Since that decision, however, only 2,257 Ethiopians have been brought in, on dribbles and monotonous, according to figures from the Jewish Agency.
Severe malnutrition is rampant in the community, and while COVID-19 cases have not yet been reported among them, the disease is spreading in Ethiopia, with more than 80,000 cases and 1,255 deaths.
On August 19, Tamano-Shata of the Blue and White Party submitted a NIS 1.3 billion ($ 382.6 million) scheme to the Knesset Immigration Committee to bring 8,000 Ethiopians to Israel and close the camps in Gondar and Addis Ababa forever.
He announced last month that the government would airlift 2,000 Ethiopian Jews, prompting mixed reactions from activists campaigning for everyone to move to Israel.
About 9,000 of potential immigrants have been waiting 15 years or more to emigrate, local activists say. About a quarter of that number, located in the capital Addis Ababa, has been waiting for more than 20 years, they say, while the rest, in the city of Gondar, have been holding out for 15 to 20 years.

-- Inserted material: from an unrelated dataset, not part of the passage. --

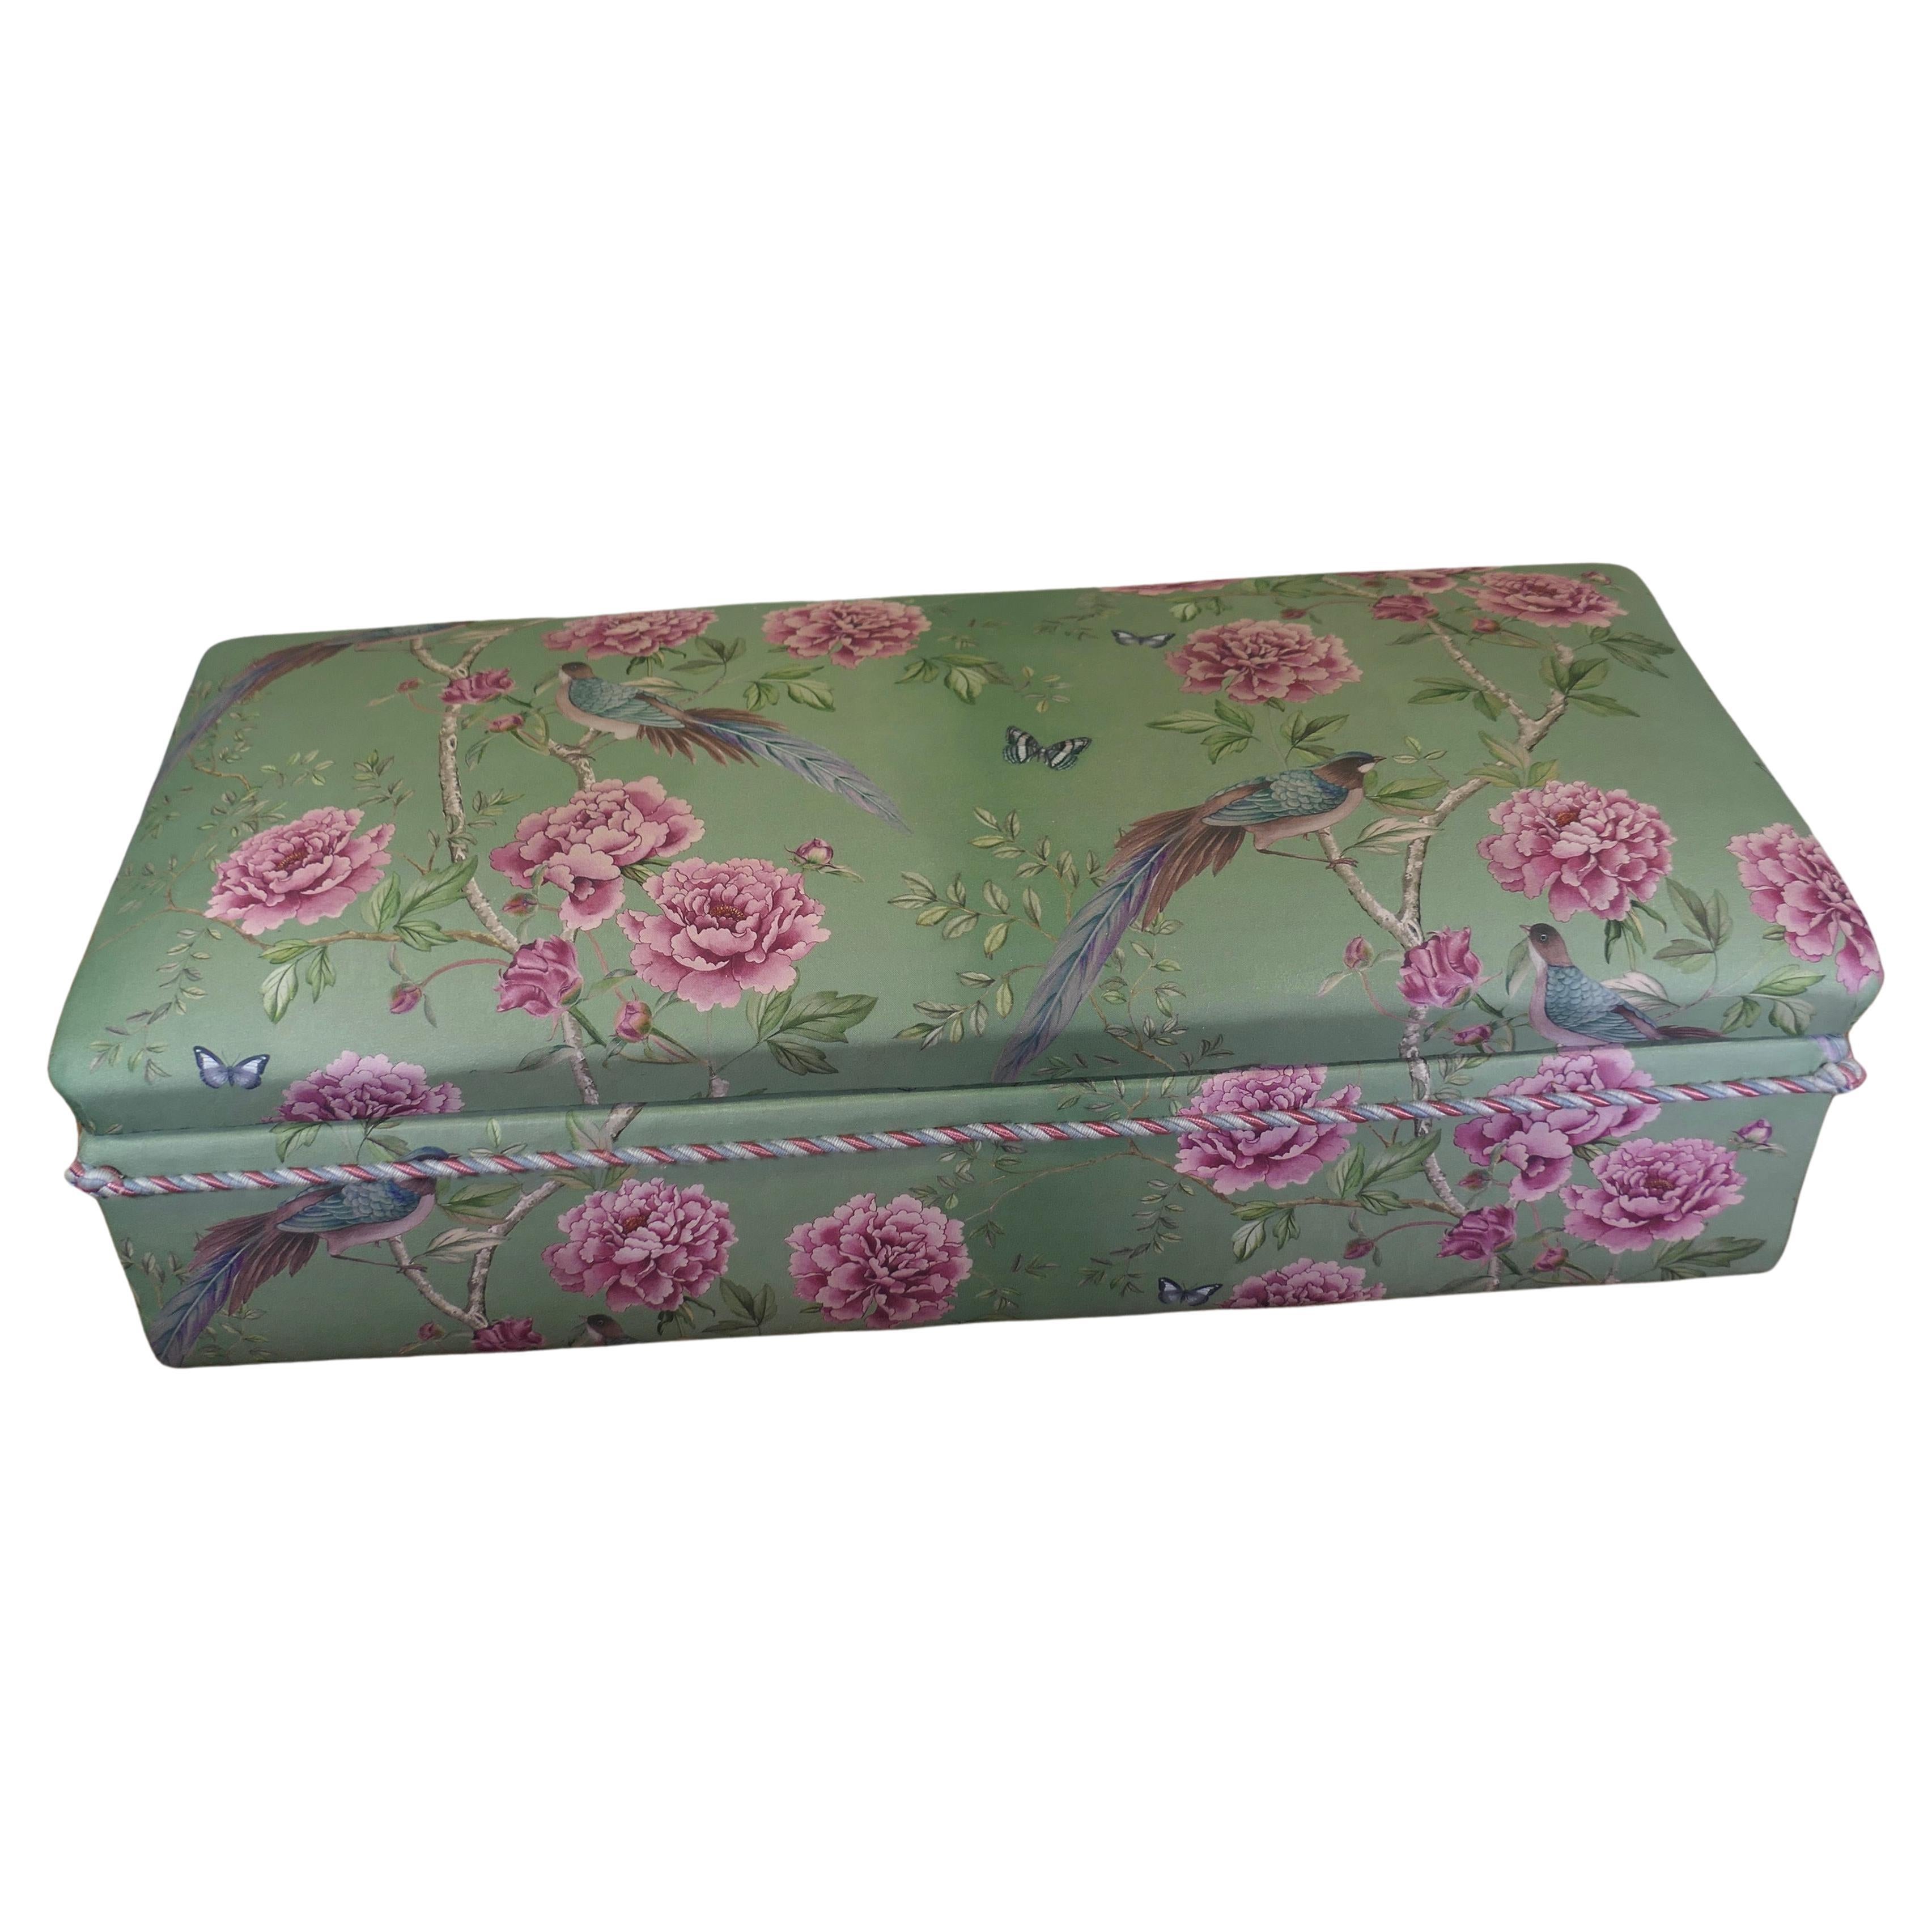 A Large Upholstered Ottoman or Window Seat   This piece is upholstered with a be

The coronavirus has hit the group economically very hard, various sources have reported to The Times of Israel. Work has dried up and food is scarce, with prices rising between 35% and 50%; Families in Israel who previously sent money to their relatives have money problems due to their own COVID-19-related problems, and philanthropic organizations have less capacity to collect donations due to the pandemic.
About 140,000 Ethiopian Jews live in Israel today, a tiny minority in a country of nearly 9 million. Some 22,000 were flown to Israel during Operation Moses in 1984 and Operation Solomon in 1991, mainly from the Beta Israel community.
While Ethiopian Jewish immigrants from the Beta Israel community are recognized as fully Jewish, immigrants from Ethiopia who belong to the smaller Falash Mura community must undergo an Orthodox conversion after immigrating. The Falash Mura are Ethiopian Jews whose ancestors converted to Christianity, often under duress, generations ago. Some 30,000 of them have immigrated to Israel since 1997, according to Netanyahu’s office.
Because the Interior Ministry does not consider the Falash Mura to be Jewish, they cannot immigrate under the Law of Return and therefore must obtain special permission from the government to move to Israel.